Argentina aparece con precios caros en bienes industriales y ropa, pero mantiene servicios baratos. Un informe del IERAL advierte sobre el atraso cambiario.

Por Marcelo López Álvarez

Con una inflación en retroceso y un tipo de cambio que opera dentro de bandas formales, el debate sobre la competitividad de precios en Argentina ha ganado centralidad en el análisis económico.

El IERAL realiza desde 2025 un seguimiento sistemático de precios de bienes de consumo y costos de producción en el país, cotejados con los de otras economías. La medición correspondiente a abril de 2026 ofrece un panorama matizado: Argentina resulta cara en productos industriales y algunos alimentos, pero mantiene niveles de precios razonables, e incluso ventajosos, en varios servicios y en ciertos bienes agropecuarios.

Un dólar prehistorico

Antes de ingresar en la comparación de precios, el informe examina el tipo de cambio real multilateral (TCRM), indicador que mide la competitividad cambiaria de Argentina frente a sus socios comerciales.

En abril de 2026, el TCRM se ubicó en 1.381 pesos, un valor apenas 2% superior al registrado en noviembre de 2023, último mes de la administración anterior, pero un 28% por debajo del promedio histórico del período 2000-2026, que equivaldría hoy a un tipo de cambio de 1.921 pesos. No importa lo que diga el gobierno libertario, el atraso cambiario ya es inocultable.

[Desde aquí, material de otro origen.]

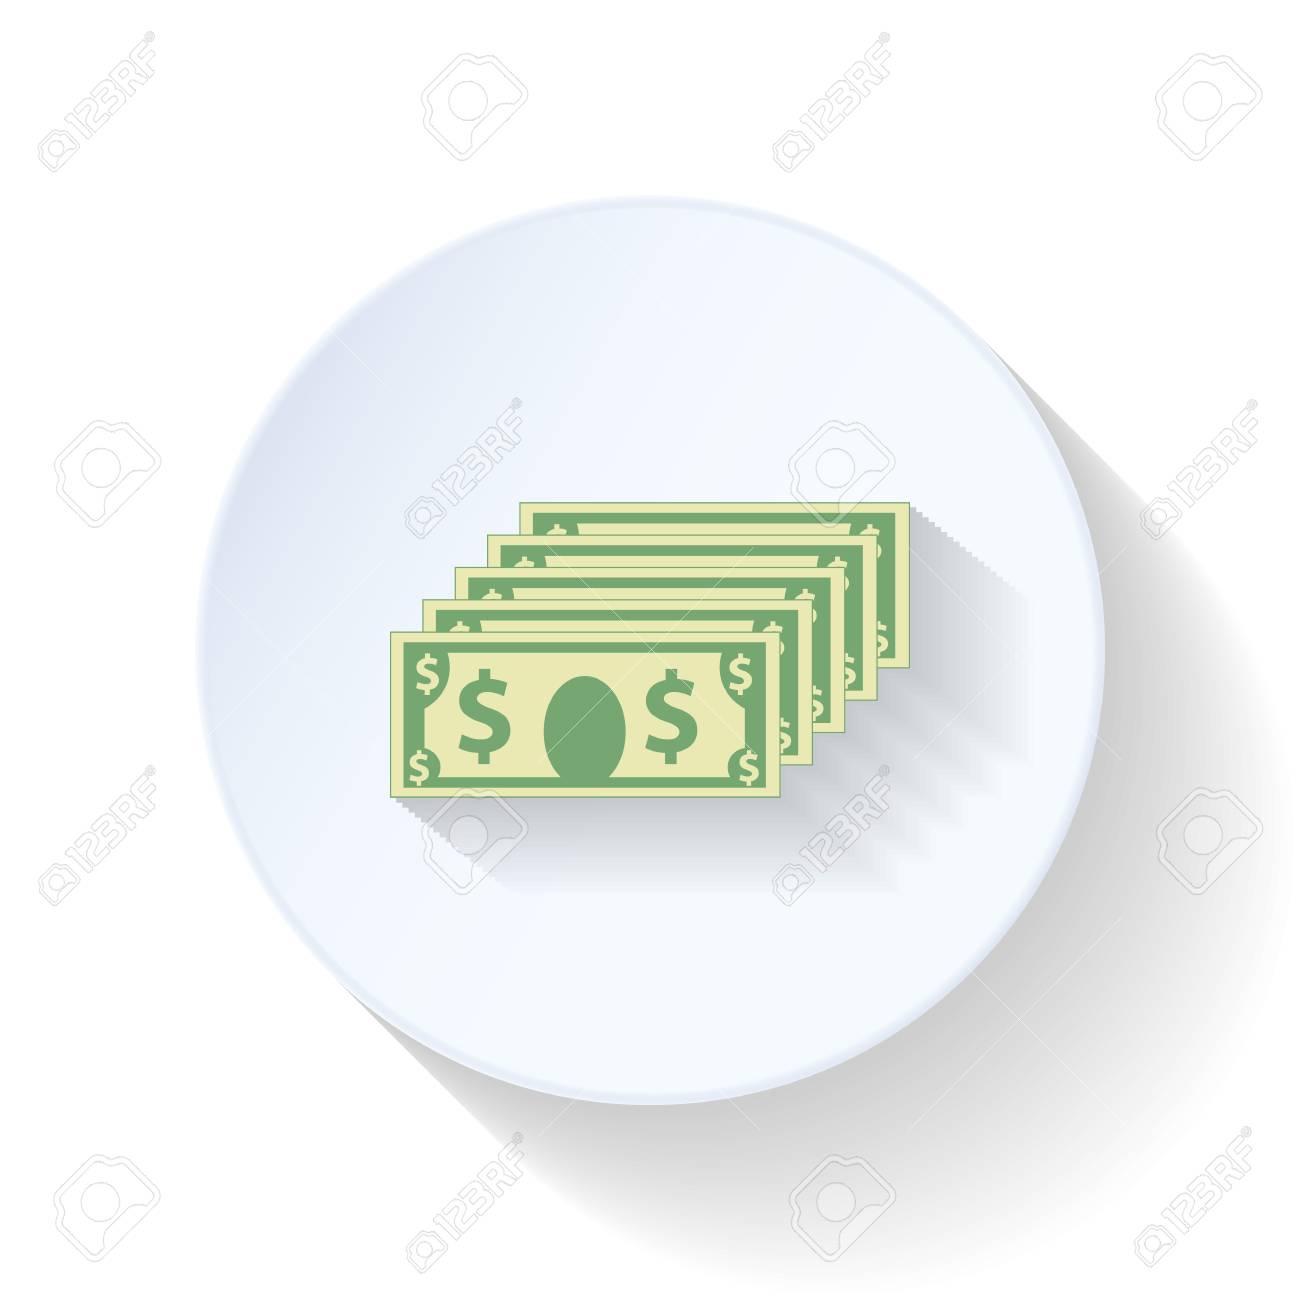 Dollars flat icons set graphic illustration Stock Vector - 26041512

La comparación con otros hitos cambiarios también resulta ilustrativa y lapidaria para el discurso oficial. El TCRM de abril pasado supera en un 22% al vigente al final de la Convertibilidad, en diciembre de 2001, y en un 12% al de noviembre de 2015. Sin embargo, permanece por debajo del nivel observado en febrero de 2016, tras la salida del cepo durante la administración Macri, que equivaldría a 1.673 pesos actuales. El techo superior de la banda cambiaria vigente (fijado en 1.698 pesos en abril) se aproxima precisamente a ese valor de referencia.

¿Más dólares a futuro?

El informe asegura que este retraso, dado el crecimiento proyectado en las exportaciones de petróleo, gas y minería, es plausible que el país sostenga en el futuro un tipo de cambio real inferior al promedio histórico sin comprometer el equilibrio externo. Si bien la afirmación es cierta, también lo es que el amor argentino por la formación de activos externos y los beneficios que el RIGI da a esas inversiones hacen que, para creer, primero hay que ver.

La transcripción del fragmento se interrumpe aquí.